What are induction stovetops?

Induction stovetops are an all-electrical cooktop that use induction technology. These stovetops use electromagnetism to send electric pulses into the cookware, heating it directly without heating the surrounding surfaces. This also allows for rapid rises and drops in temperature, making induction stovetops an appealing alternative to the traditional gas stove. This technology is a safe and efficient way to cook your food quickly without polluting your home with gas appliances.     

Induction stoves are often confused with electric glass stovetops. There are several ways to distinguish between an electric stove and induction stove: heating times, methods of heating, and stove top surface heat.

The electromagnetic heating property of induction stoves does come with a caveat:  your cookware must be magnetic for the stovetop to work efficiently. Pots and pans made of magnetic stainless steel, iron, or nickel will work with induction stove technology. Glass, copper, aluminum, and ceramic pots and pans won’t work with induction stoves. Check the bottom of your pan to see if the material it’s made of is listed. Test if your cookware is compatible with an induction stove by placing a magnet on it – if it sticks, it’ll work on an induction stove.

Factors to consider when picking out an induction stovetop for your home:

  • Power rate of the cooktop;
  • Pan size of the cooktop;
  • Safety features (i.e., auto-pan detection);
  • Portability of the cooktop; and
  • Cord type (i.e., 4-prong cord)

Disclaimer: Individuals with pacemakers are advised to stay at least two feet away from induction stoves while in use.

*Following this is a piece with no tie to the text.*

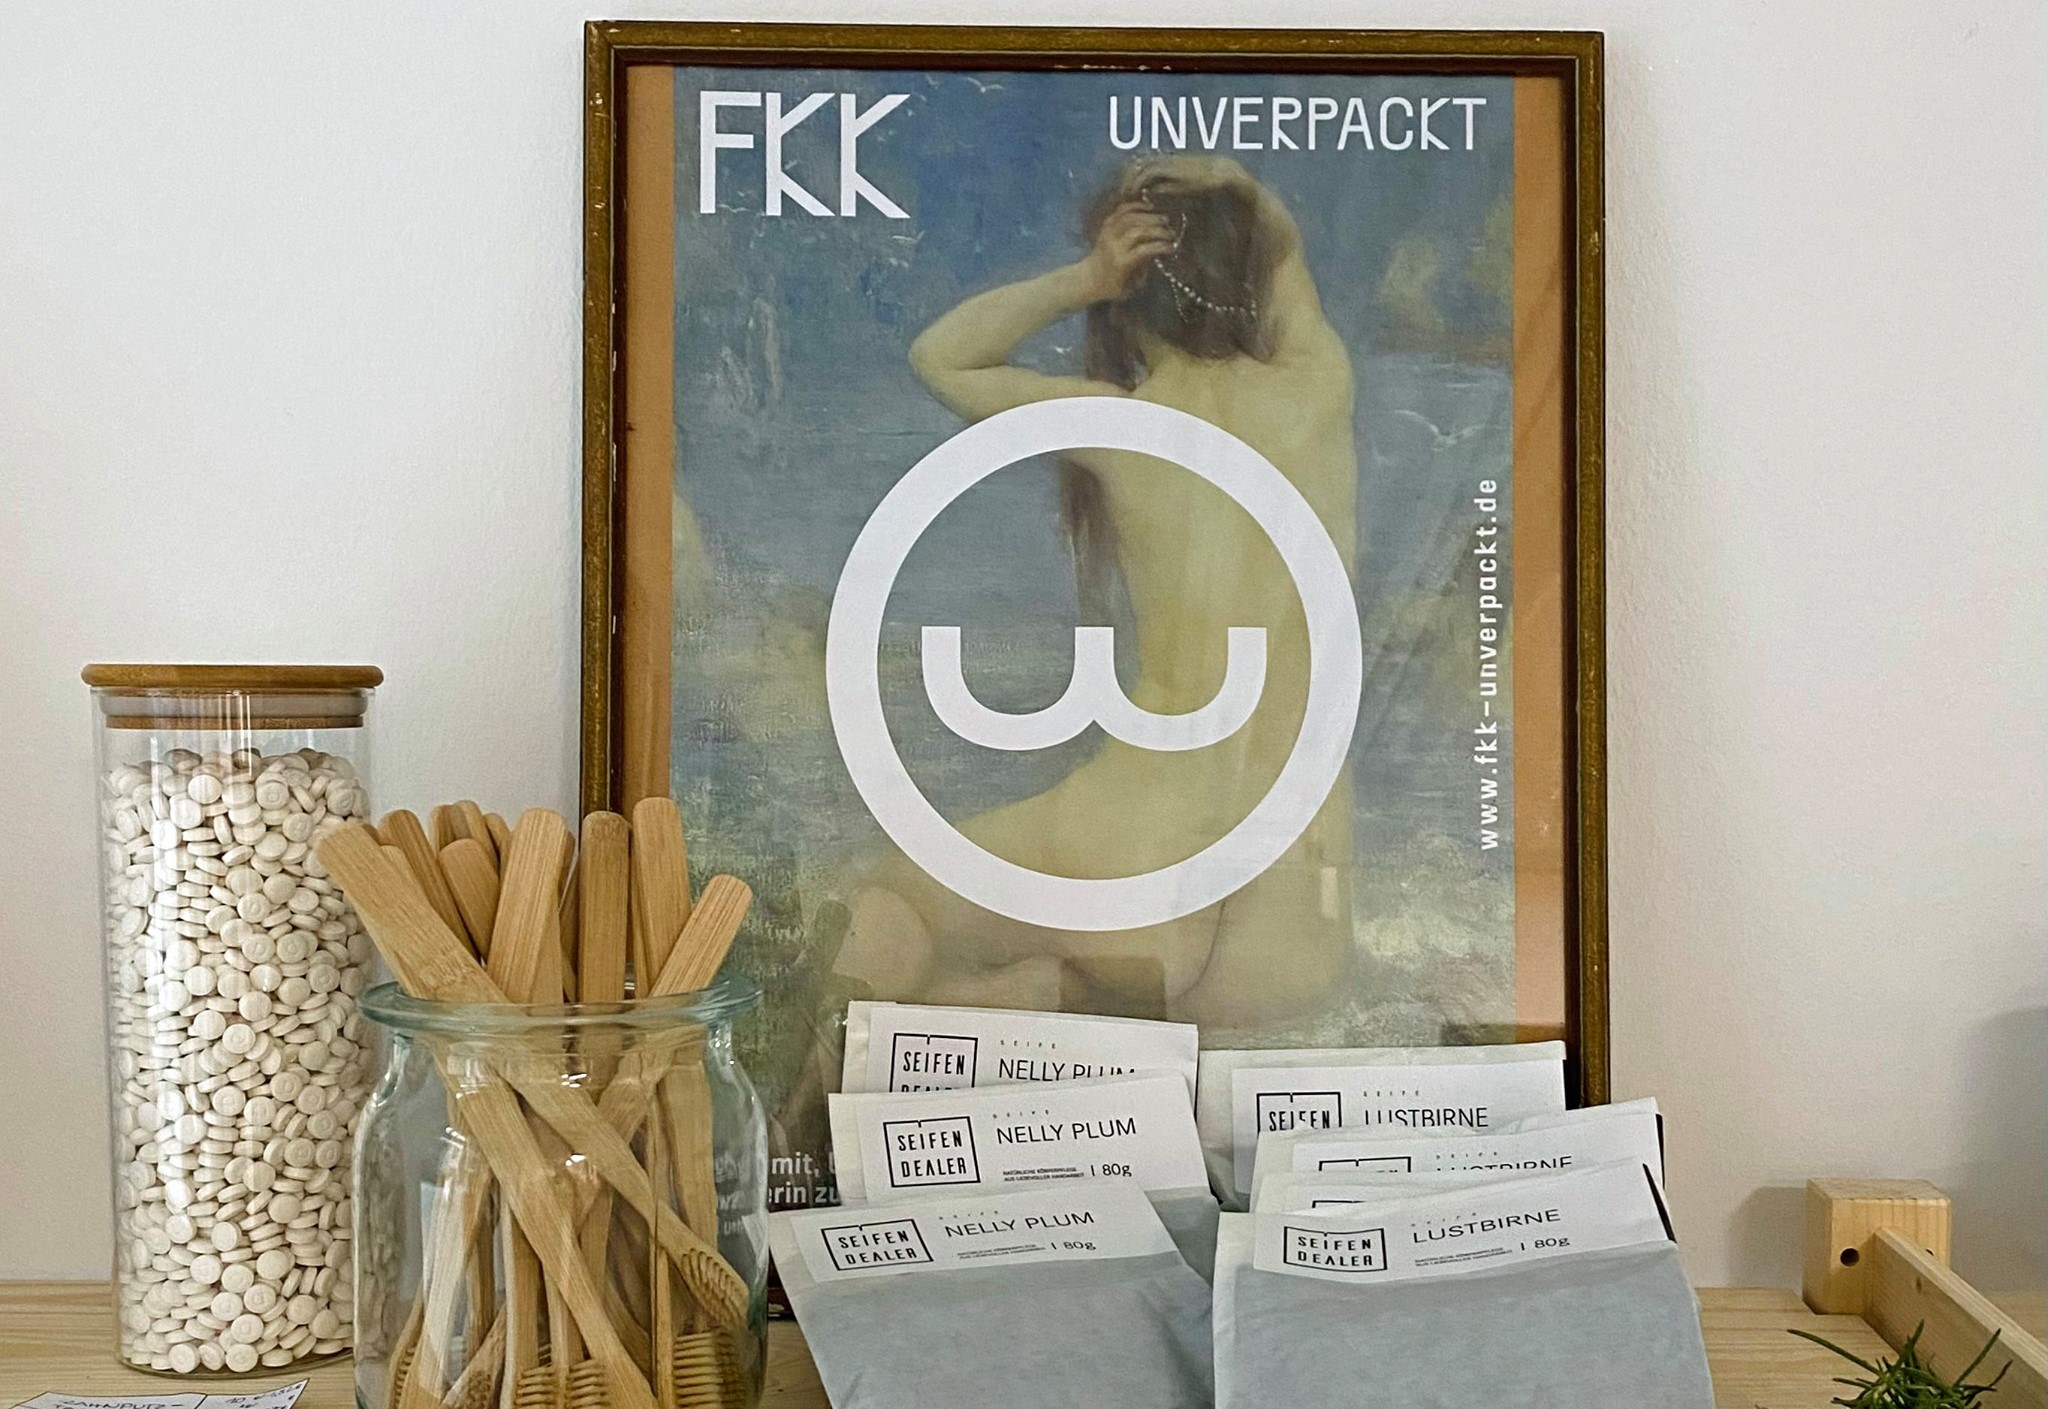 Schwerin: FKK mitten in der Stadt – Unverpackt einkaufen bei Geneviève und Susanne

The electromagnetic fields from the stove can interfere with the function of the pacemaker.

What is an electric stove?

Conventional electric stovetops use heat-producing elements to generate heat beneath a glass surface or through coils. The heat transferred onto the glass surface or through the coils heats the cookware placed on top of it.

Because electric stoves heat the cookware indirectly through the surface of the stovetop, they are compatible with all cookware. If you are indifferent to faster cooking times, and want to continue cooking with your existing cookware, an electric range is a great option.

Modern day electric stovetops with a glass cover can look very similar to induction ranges. Here are a few ways to distinguish between the two:

  • Color: Induction stoves will not glow red when heating up. Conventional electric stovetops will.
  • Cookware Material: If your cookware is made of a non-magnetic material, it will not work on an induction stovetop, but it will on an electric range.
  • Surface Test: When cooking, if the surrounding surface on your stove top is hot, it is likely a conventional electric stovetop.
  • Time: if you can boil water in under 2 minutes, it is likely an induction stove.